I spent some time this afternoon looking into this and it seems like the Irsa.query_region function in 4.7 builds a TAP query based on input coordinates (which I guess come from the 2MASS identifier name) and then uses the Irsa.query_tap function to look for the object within a specified radius. It's still unclear to me why the TAP query doesn't return the object as expected, maybe it is the type of shape I choose to query with (cone)?

Looking through the IRSA VO Table Access Protocol (TAP) Instructions there is no way to TAP query by name as there is for SIMBAD, which is kind of frustrating. I think that the old Irsa.query_region function in 4.3 worked via requests but also seems to have used coordinates instead of names? Looking at the IRSA Catalog Search Service Application Program Interface it looks like you can feed in names, but still the search seems to use coordinates even if the name is given.

My guess is that the search result now is slower than in astroquery 4.3 due to the response time of IRSA. Based on my experience with how fast the SIMBAD.query_tap function this afternoon (which is very fast) it is interesting to me how slow the Irsa.query_tap function seems to work (behind the scenes of Irsa.query_region). I'm not sure if it is worth the time for me to go through and build a ADQL query for all of the objects since that is basically what Irsa.query_region does anyway.

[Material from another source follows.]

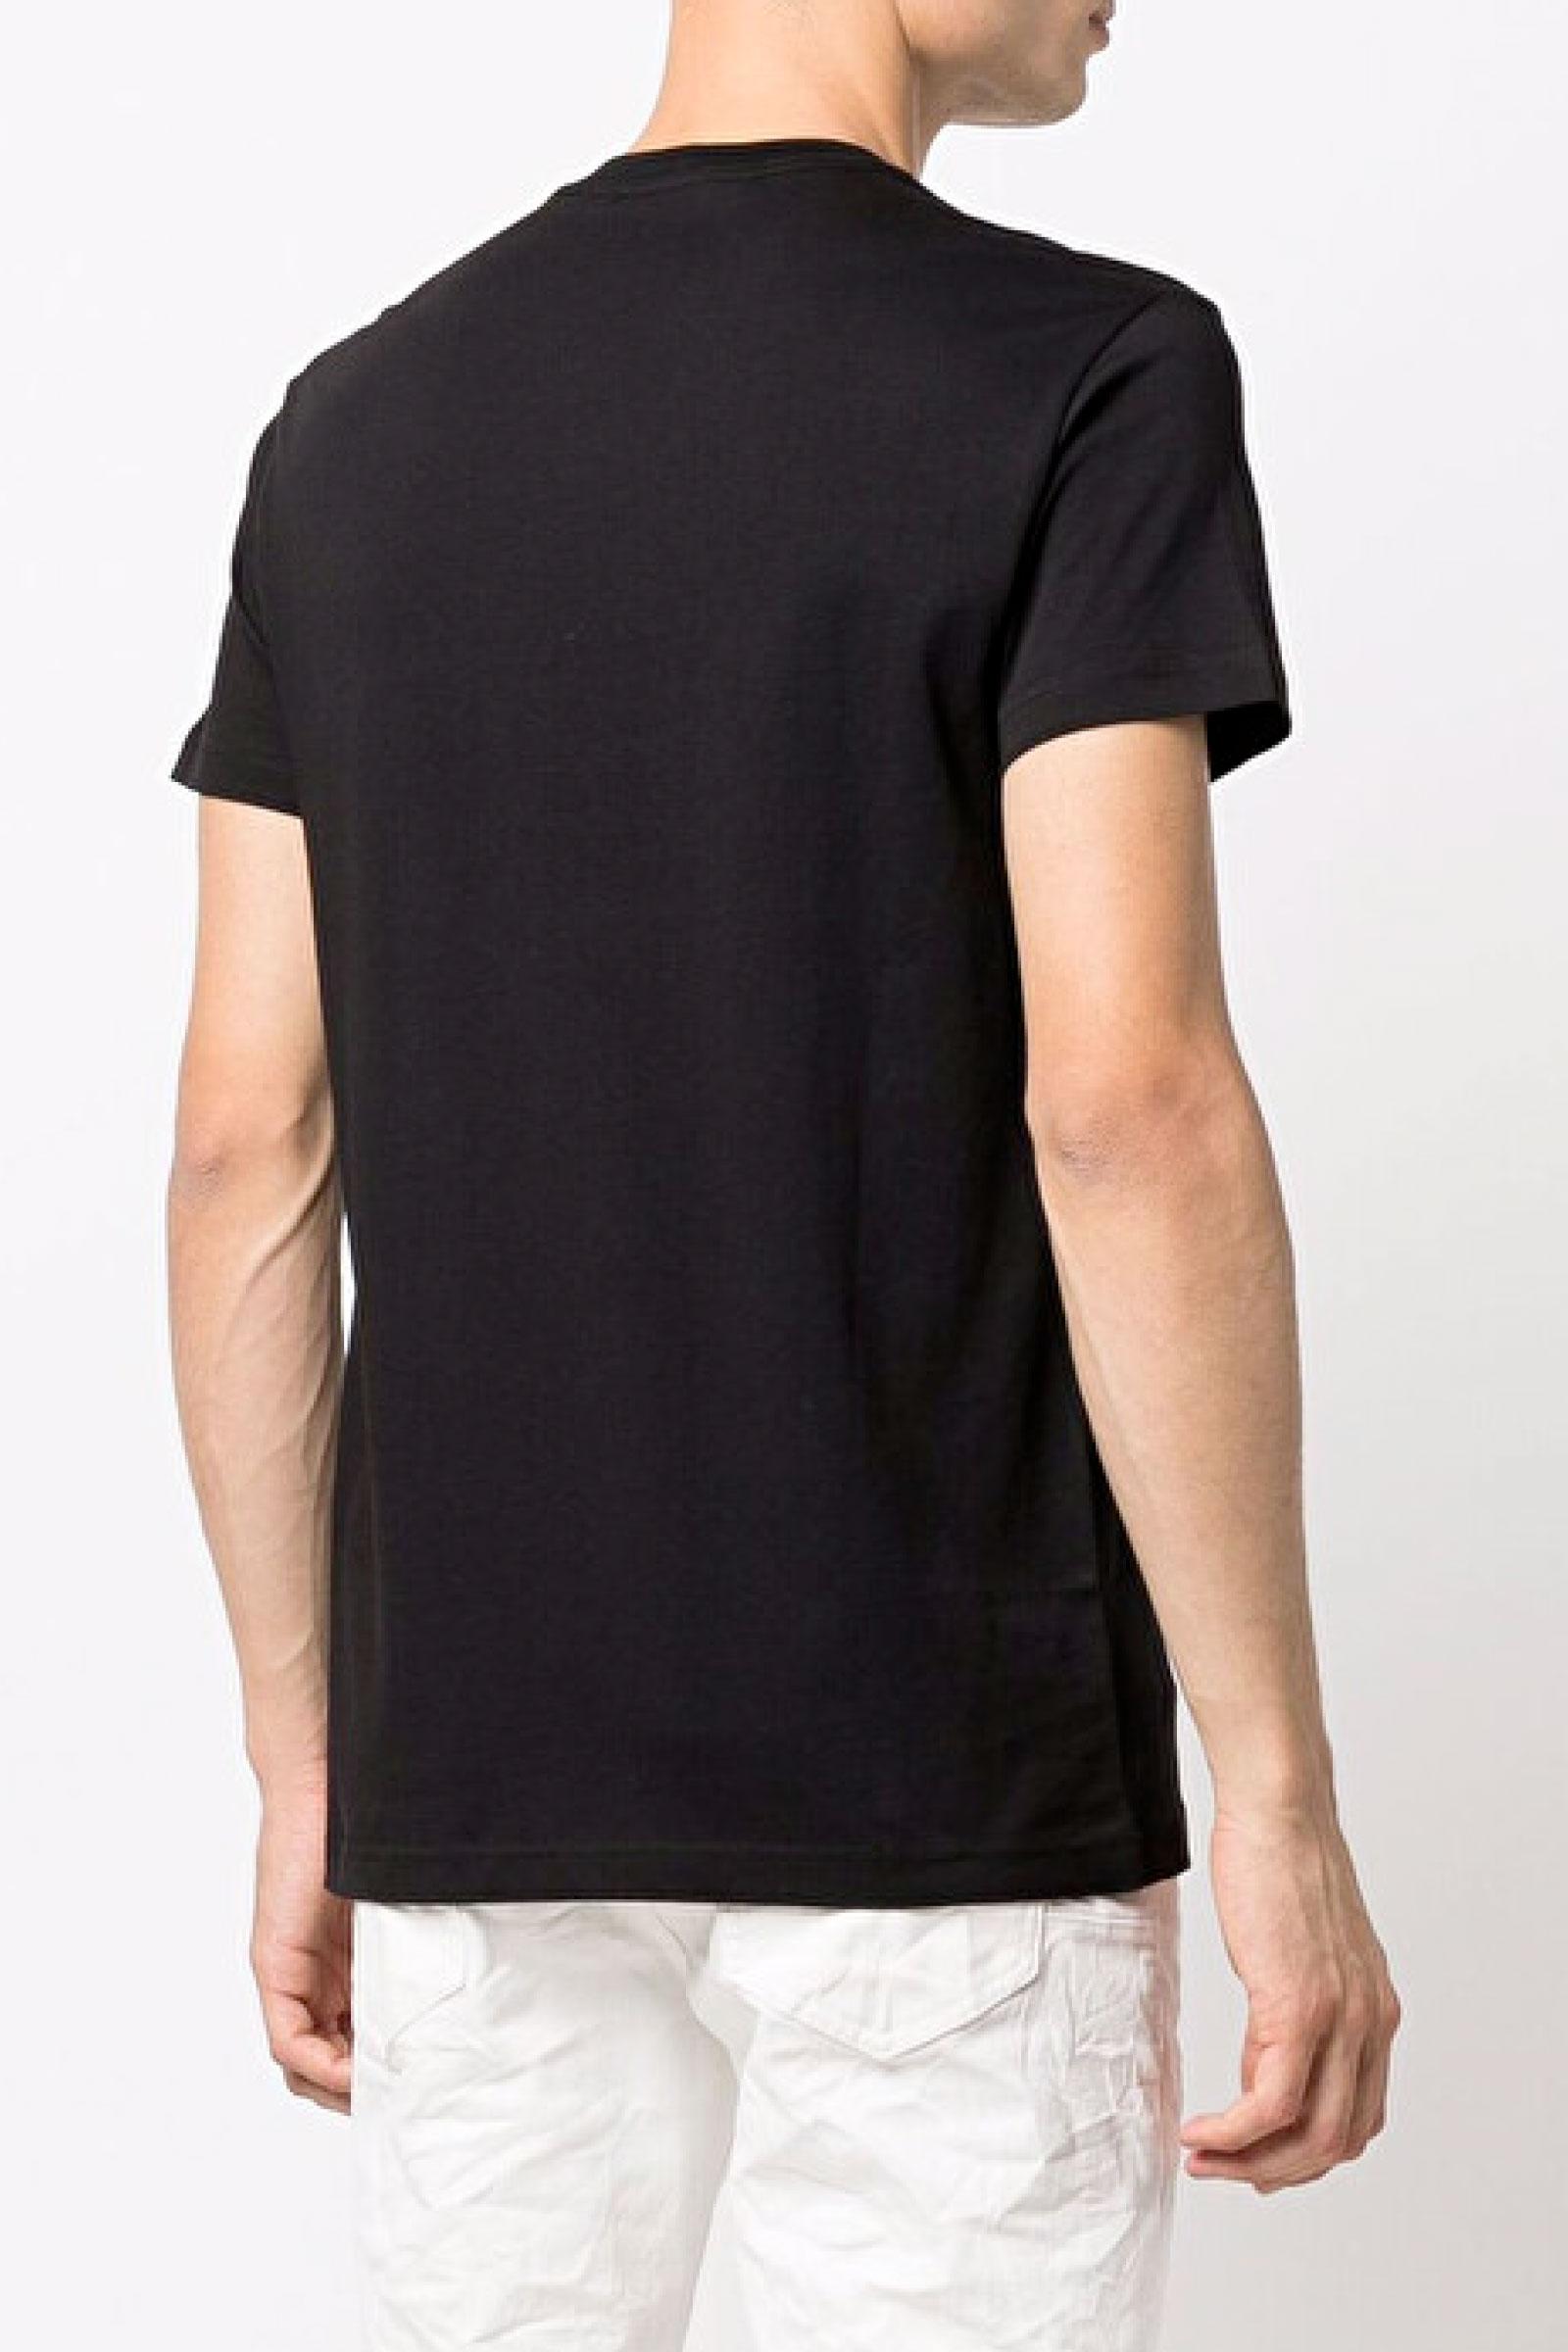 VERSACE JEANS COUTURE | T-Shirt | 71GAHT04 CJ00TG89

ManonMarchand commented 2 months ago

Perhaps I am making the same mistake here as I was with SIMBAD as @ManonMarchand pointed out

Sorry that I made it sound like a mistake, query tap is new since astroquery 0.4.7 for Simbad.

aoberto commented 2 months ago

If we want to dig a bit more in the SIMBAD time issue using query_objects, it will be better having more details on selected columns in the output and list of example names. I just tried 5000 object names, 2MASS or not, in SIMBAD or not, and it tooks about 30s. But as the new version of astroquery.simbad is in the way to be released, may be it is not so necessary to dig here.